Short Shamrock with a trans-Atlantic fuel tank. The man standing on the wing checking the engine gives a good sense of scale.
There's also this alternate suppository design.
On the same day the A&B Vimy made its first test flight, the Shamrock came up short. The Shamrock's crew had decided to attempt a Atlantic crossing against the prevailing winds, from east to west. Then, on the flight to Ireland, just 2 miles off of the coast of Britain, the engine stopped working, and the aircraft had to ditch. The crew was soon being rescued by local fishermen, and the Shamrock was salvaged, but was a wreck needing a complete reconstruction, effectively knocking Short out of the race.

Sunrise in New Jersey.
Aside from Americans, the other foreigner with a airplane together was Swedish Captain Hugo Sundstedt.

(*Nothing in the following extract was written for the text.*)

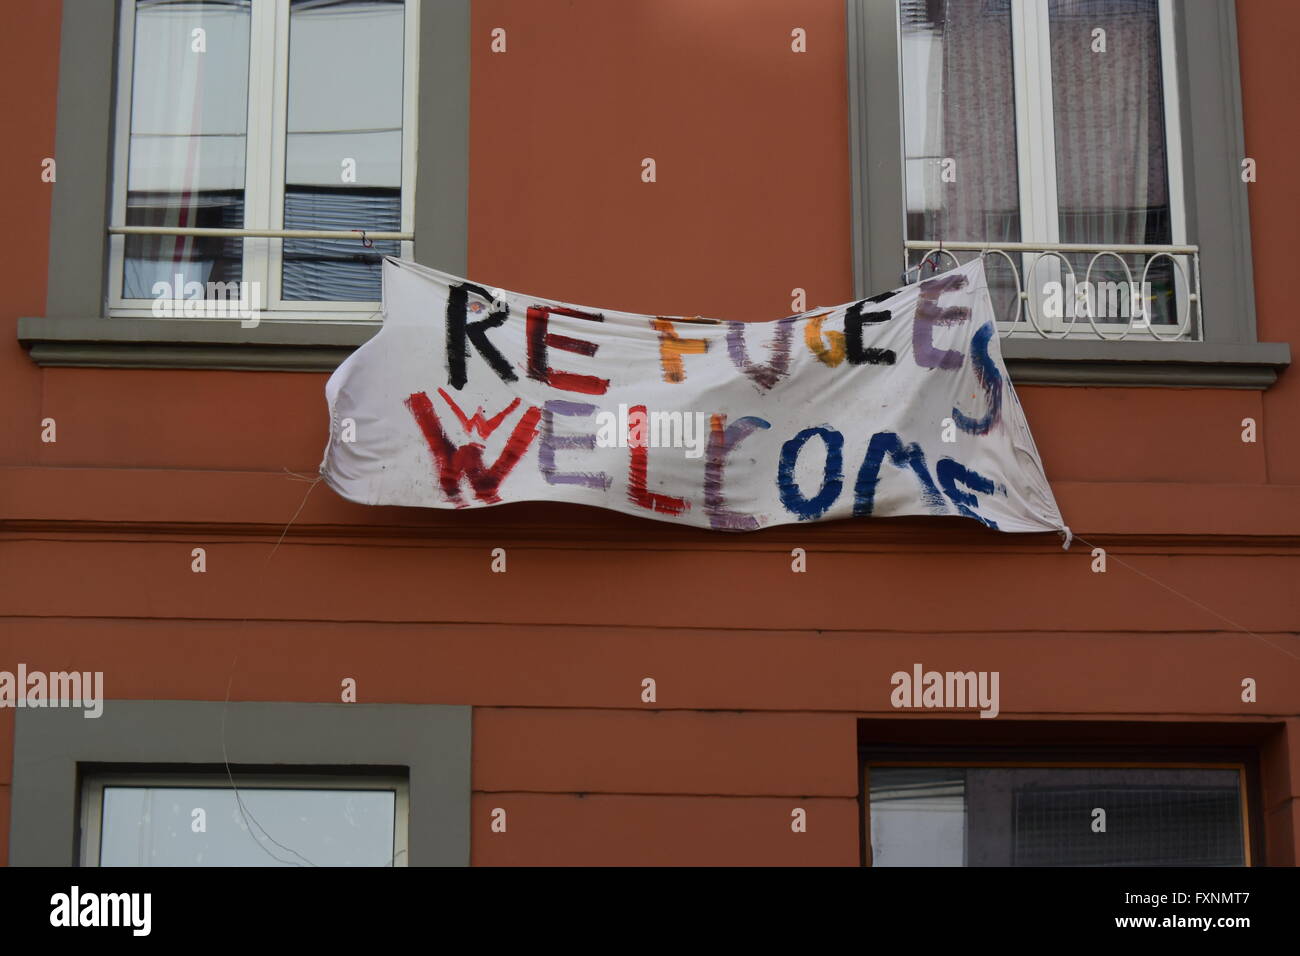 Refugees Welcome poster at a building in Bonn, Germany Stock Photo

Sundstedt was a pilot much in the mold of John Alcock: a enthusiastic flyer who thanks partially to luck and partially to hard work had become a pioneer of aviation in his native land. With the backing of a Norwegian shipping magnate, Christoffer Hannevig, Sundstedt had gone to America and had a firm design and construct what would be called the Sundstedt-Hannevig Sunrise.

The Sunrise was a biplane floatplane who's secret advantage was lightness. While it had a similar wingspan to the NC-4, it weighed just half of the Curtiss design. This light weight meant it needed less power to fly, and thus could get better fuel economy. To quote this blog over here: 

The Sunrise was a huge aircraft for its time, its upper wing spanning 100 ft. However, its empty weight was 7000 lbs., less than half the 15,874 lbs. of the comparably sized U.S. Navy-Curtiss NC-4. Fully loaded with fuel and crew, the contrast was even more remarkable, approximately 13,000 versus 28,000 lbs.

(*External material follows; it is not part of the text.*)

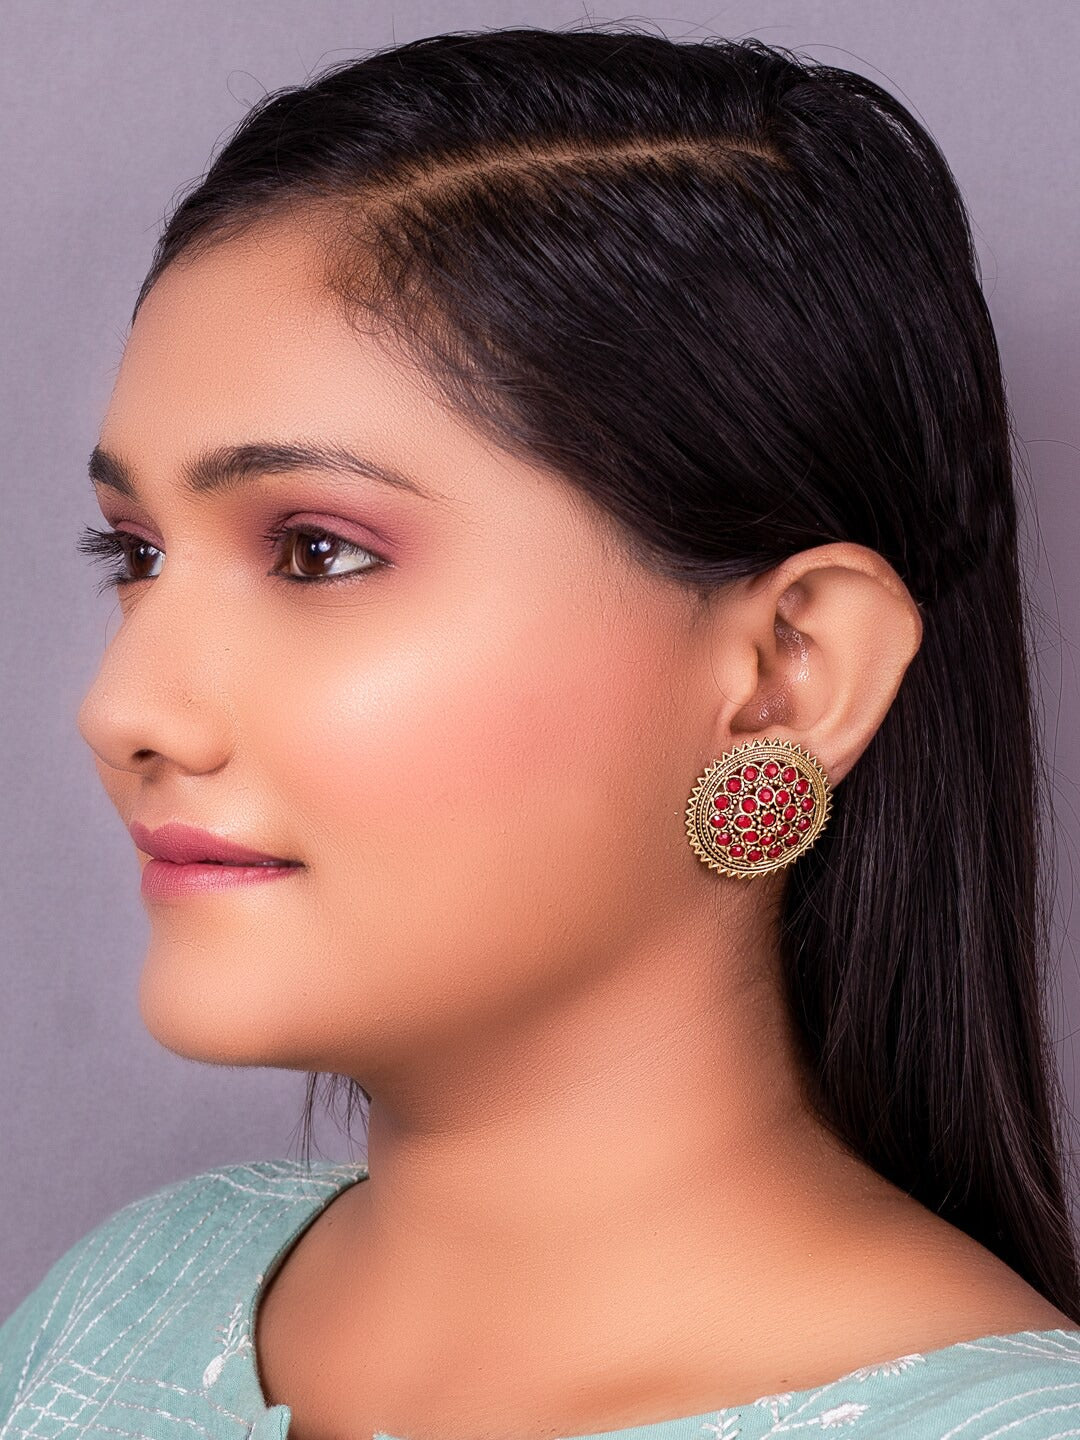 Women's Red Gold Plated Circular Artificial Beaded Handcrafted Studs Earrings - Morkanth

This minimalist philosophy carried over to the engines, two inline 6 Scott-Hall motors making 220 horsepower, and the fancy enclosed fuselage. In a decision I expect Sundstedt would have regretted, the fuselage didn't allow people to stand. In fact, the fuel capacity of the Sunshine was maybe a little too minimalist, as Sundstedt figured the airplane had a range of ~ 2500-2800 km [1600 – 1760 miles], which is a bit worrying if you consider the distance between St. John's and Ireland is about 2700 km [1700 miles.] While all the potential racers except Short hoped to use the prevailing west-to-east wind, Sundstedt thought he had another ace up his sleeve: Sundstedt was something of a scientist, and had previously done research into air currents. The Captain thought there was a steady 60-70 km/h wind blowing from west to east across the Atlantic at about ten thousand feet. So the extra-light kite Sundstedt was constructing was also to ride this wind across the Atlantic with a comfortable safety margin.

This photo has the date 4/11/1919.
 While I can't nail down dates or what precisely happened, the Sunshine in April or May 1919 did itself serious damage, with the twin floats having to be rebuilt. The delay was fatal to competing in the Atlantic race.

Boulton-Paul, like Sundstedt, also aimed not only to win, but to use a new design to do it.


They had created in 1918 a new light bomber called the Bourges to replace the Airco DH.10. The war ended, however, and that was that. Boulton Paul then pivoted to the trans-Atlantic race, where components of the Bourges were recycled into a new design. It remained a biplane twin engine aircraft, but as Boulton Paul hoped to sell the new design as an airliner, they decided to incorporate as much new technology as they could.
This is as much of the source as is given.